* WORK INSTRUCTIONS:
All of the listing is to be written out word for word, with the pictures left out.

* GIVEN DATA:
※
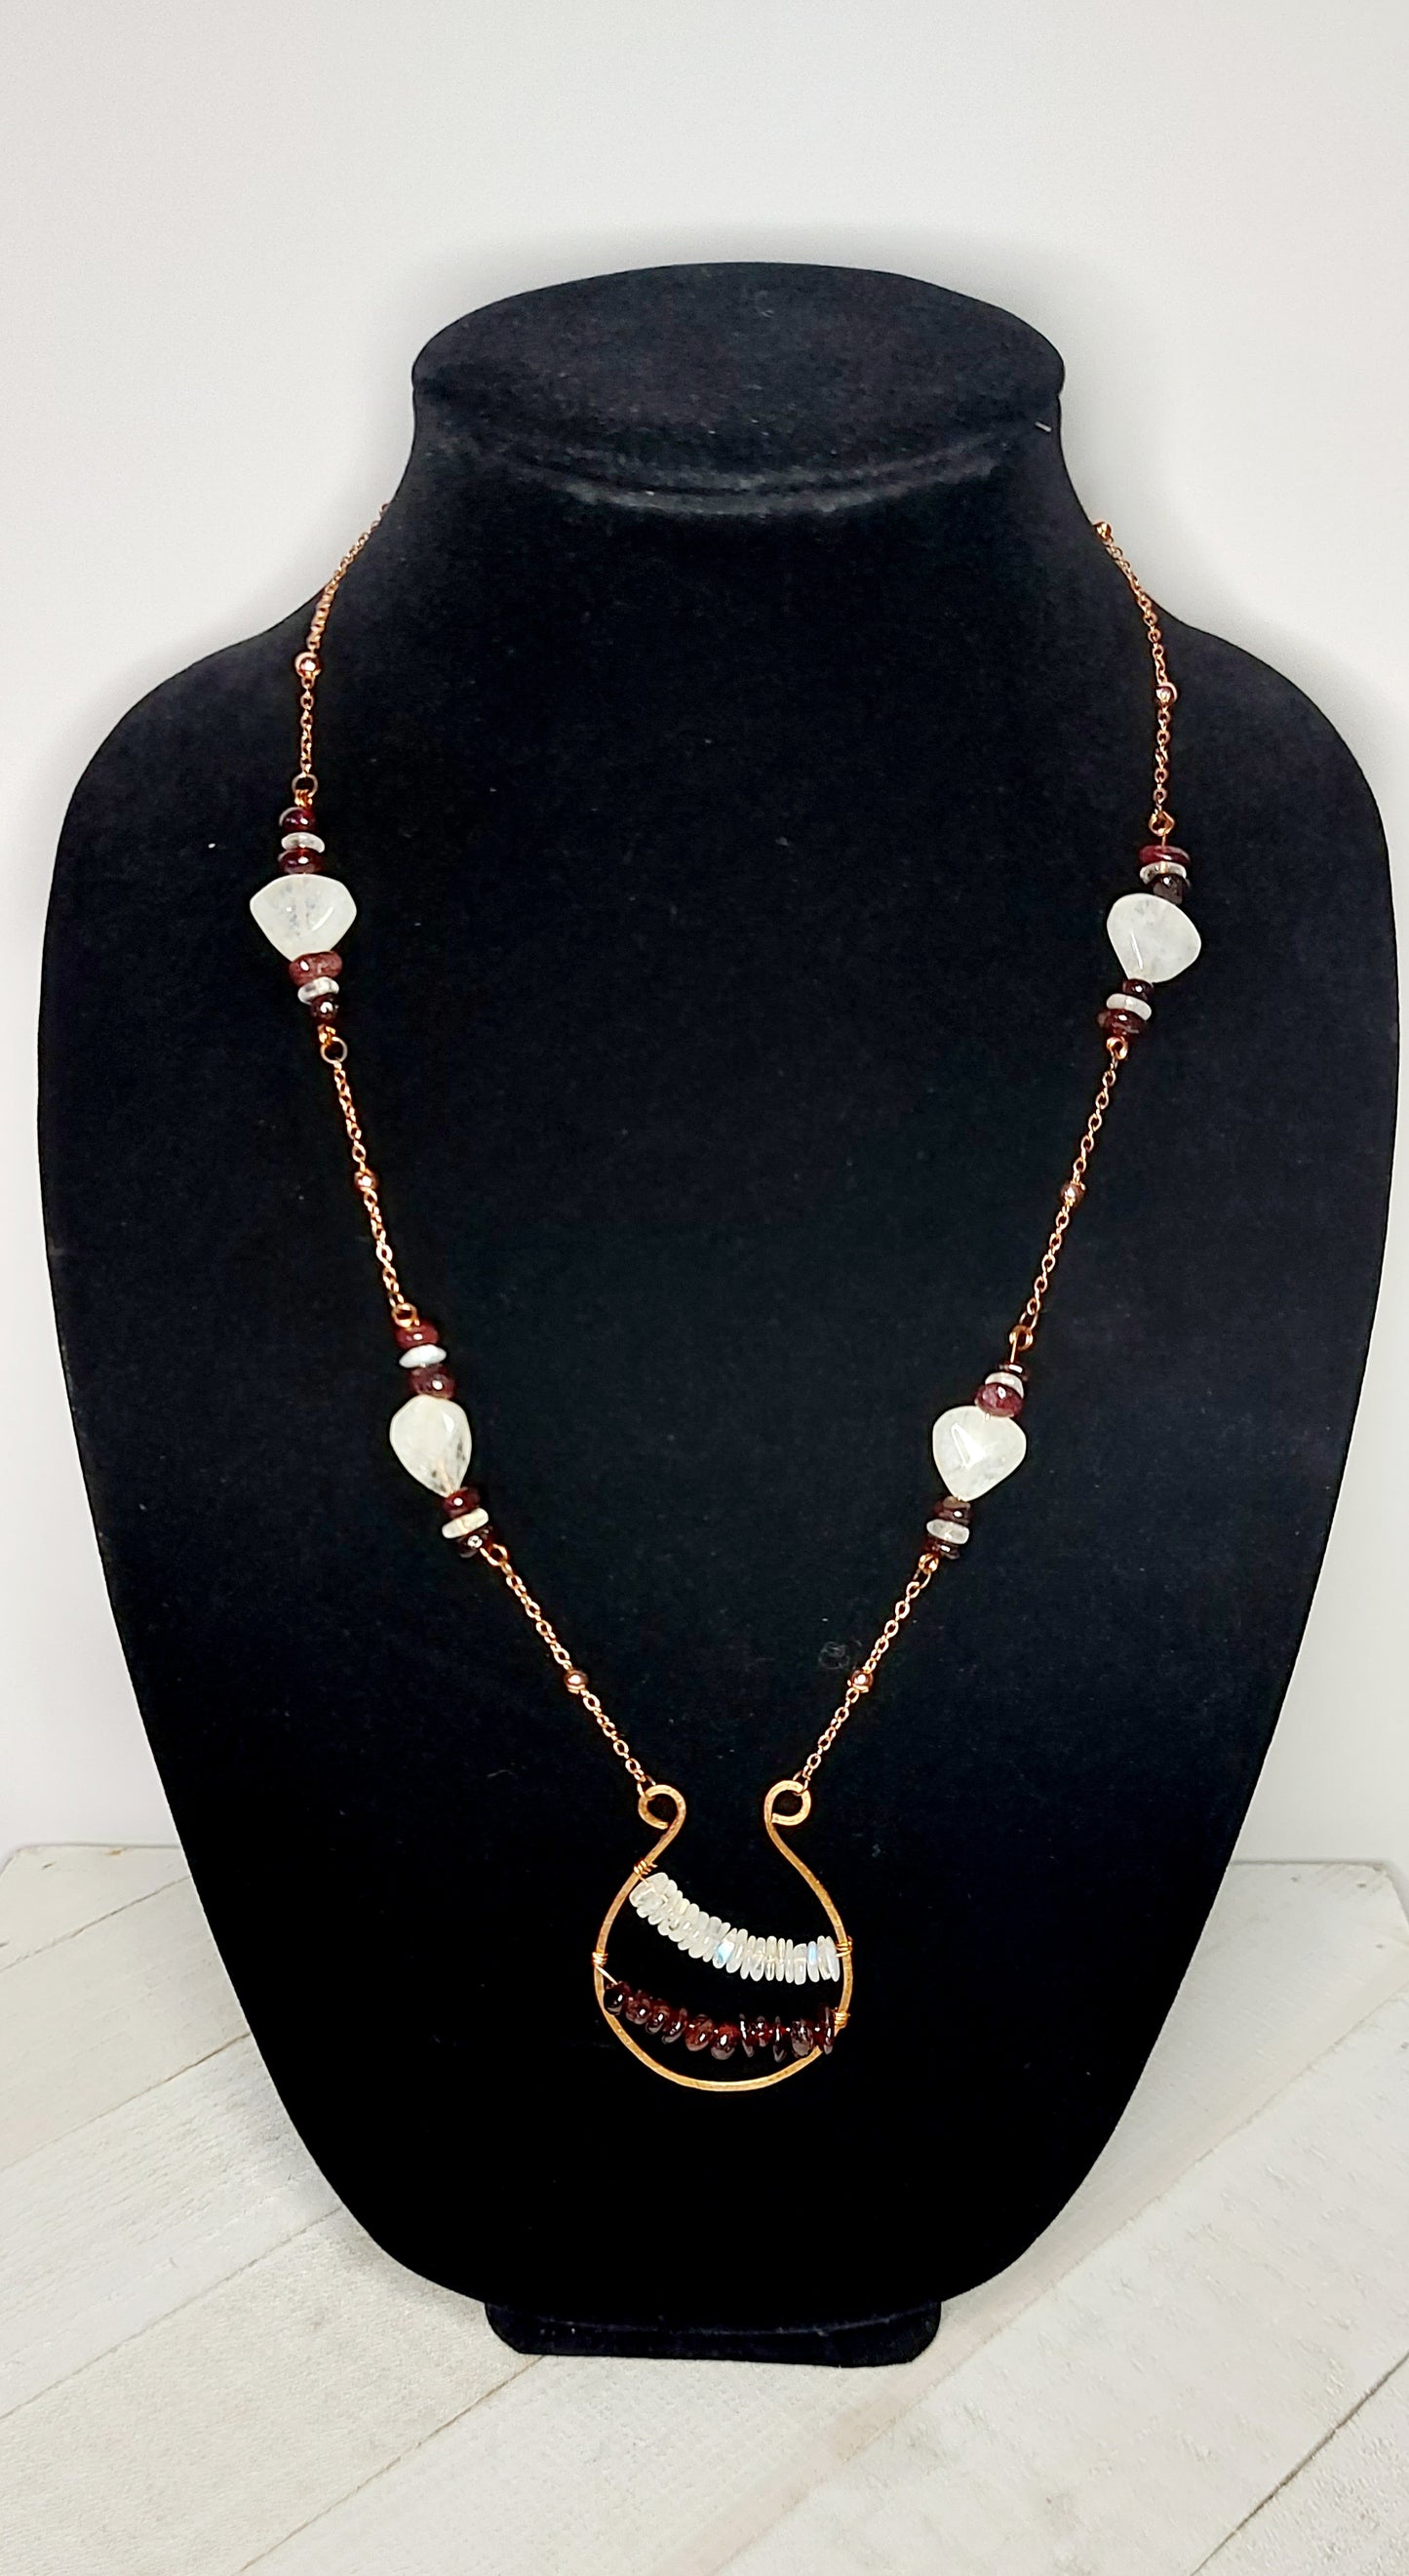 Rainbow Moonstone and Garnet Copper Necklace
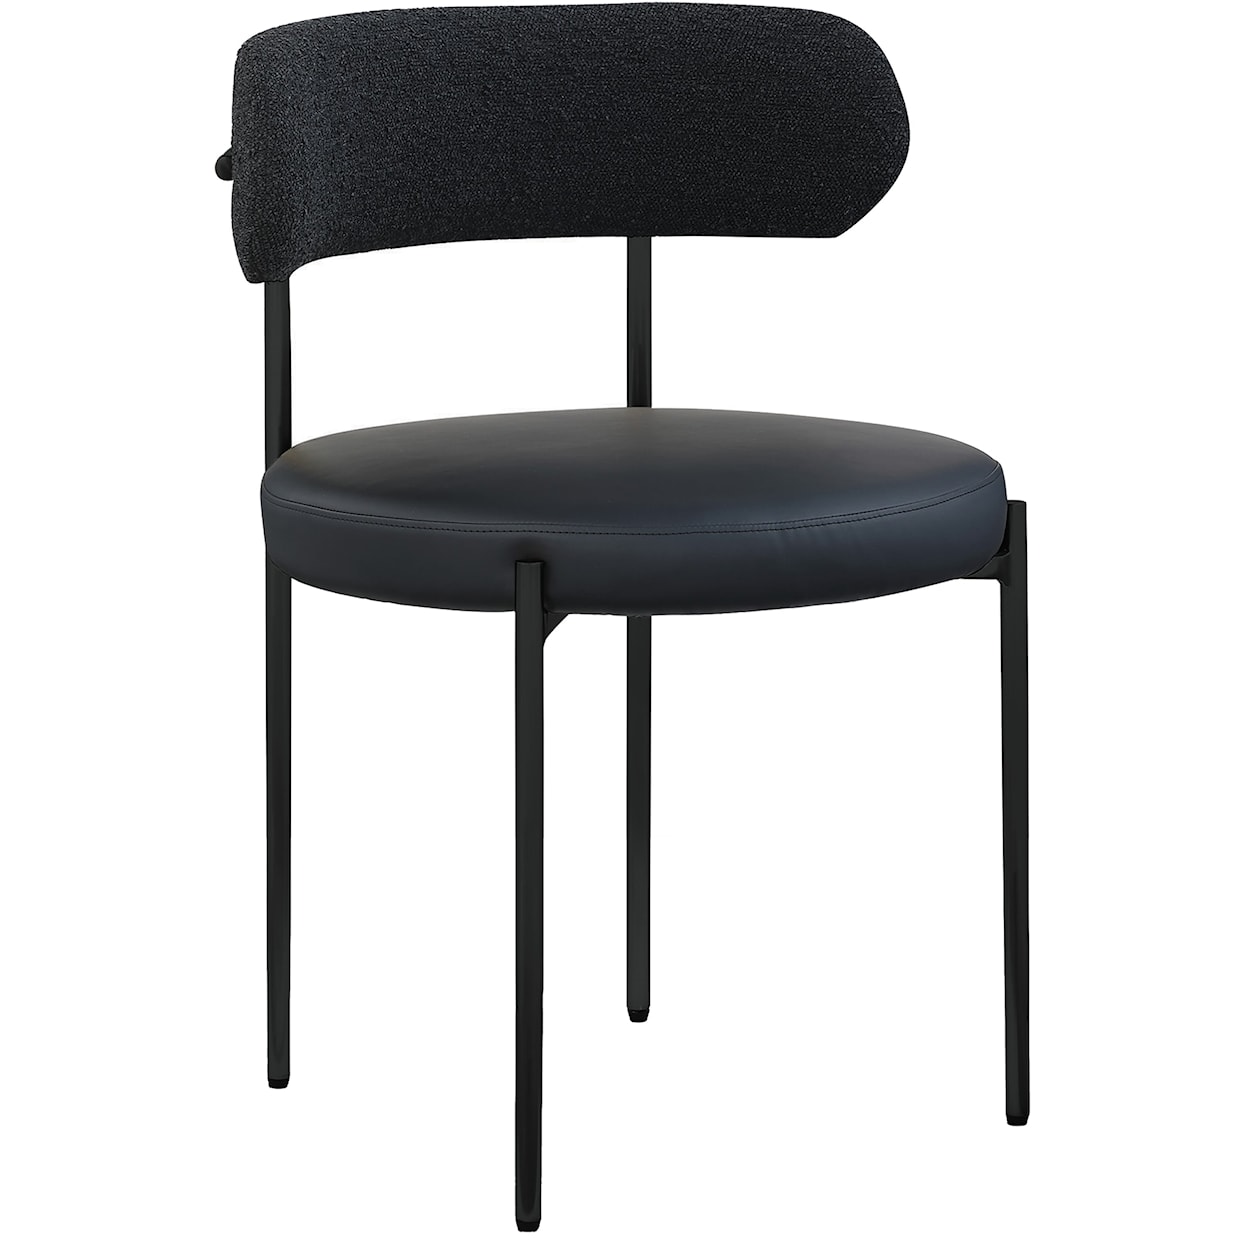 Meridian Furniture Beacon Dining Chair
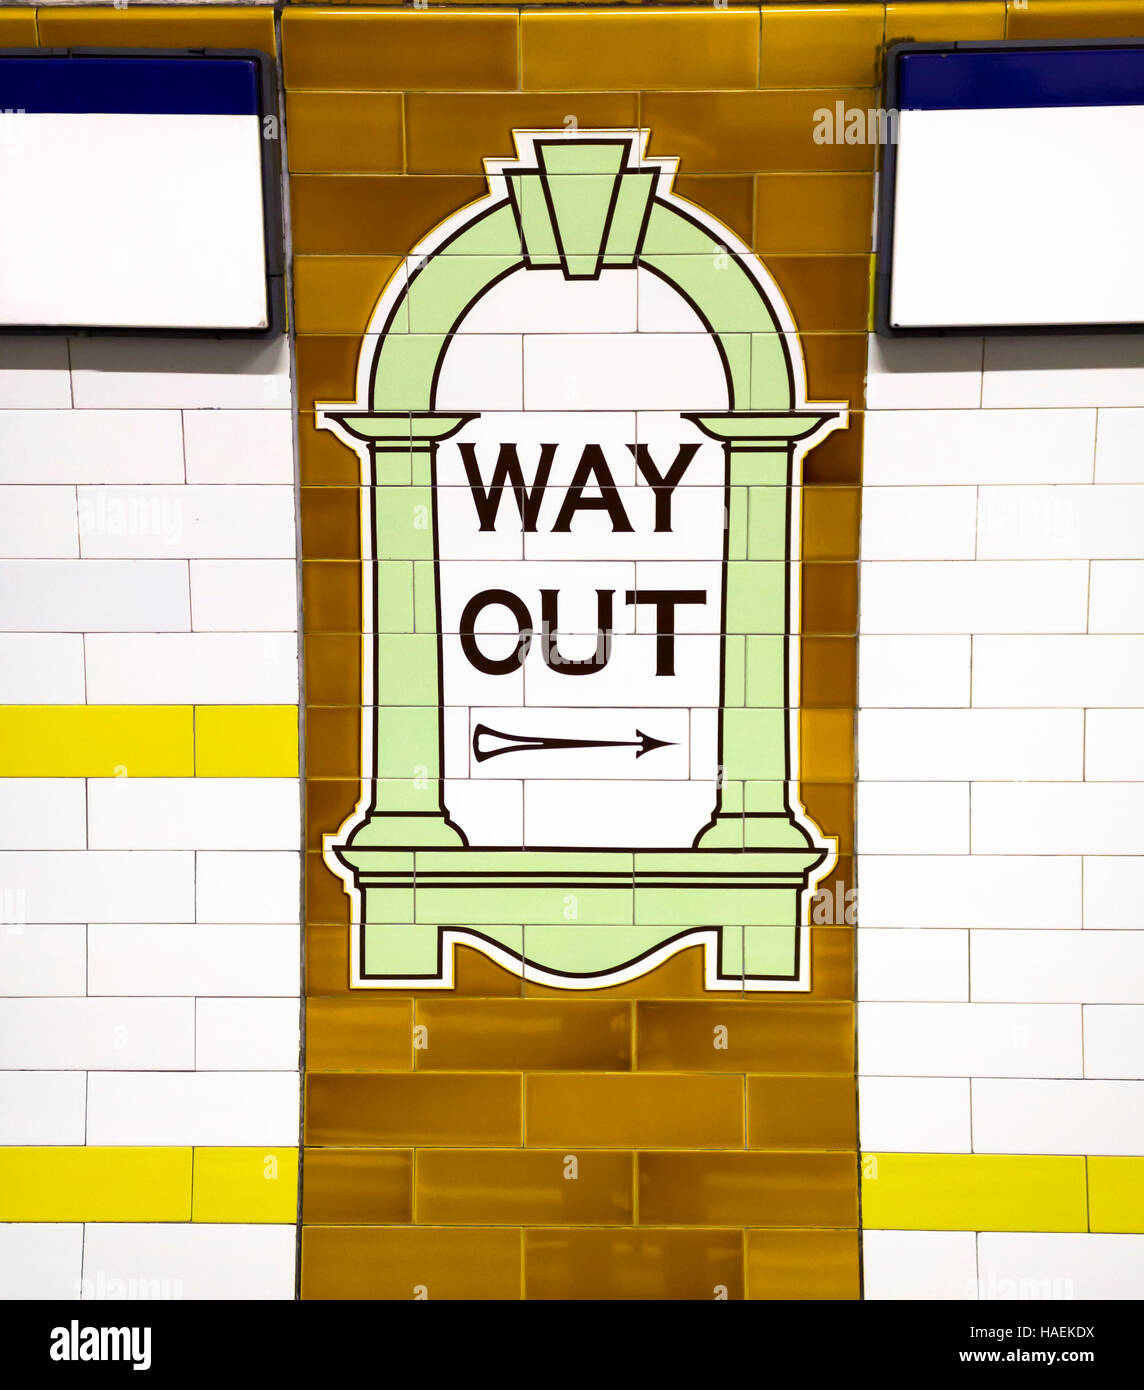 LONDON - NOV 15: A vintage-inspired Way Out sign, painted on the wall tiles in the London Underground, November 15, 2012, England Stock Photo
※
* ANSWER FOR THE TASK:
 Rainbow Moonstone and Garnet Copper Necklace
 Meridian Furniture Beacon Dining Chair
 LONDON - NOV 15: A vintage-inspired Way Out sign, painted on the wall tiles in the London Underground, November 15, 2012, England Stock Photo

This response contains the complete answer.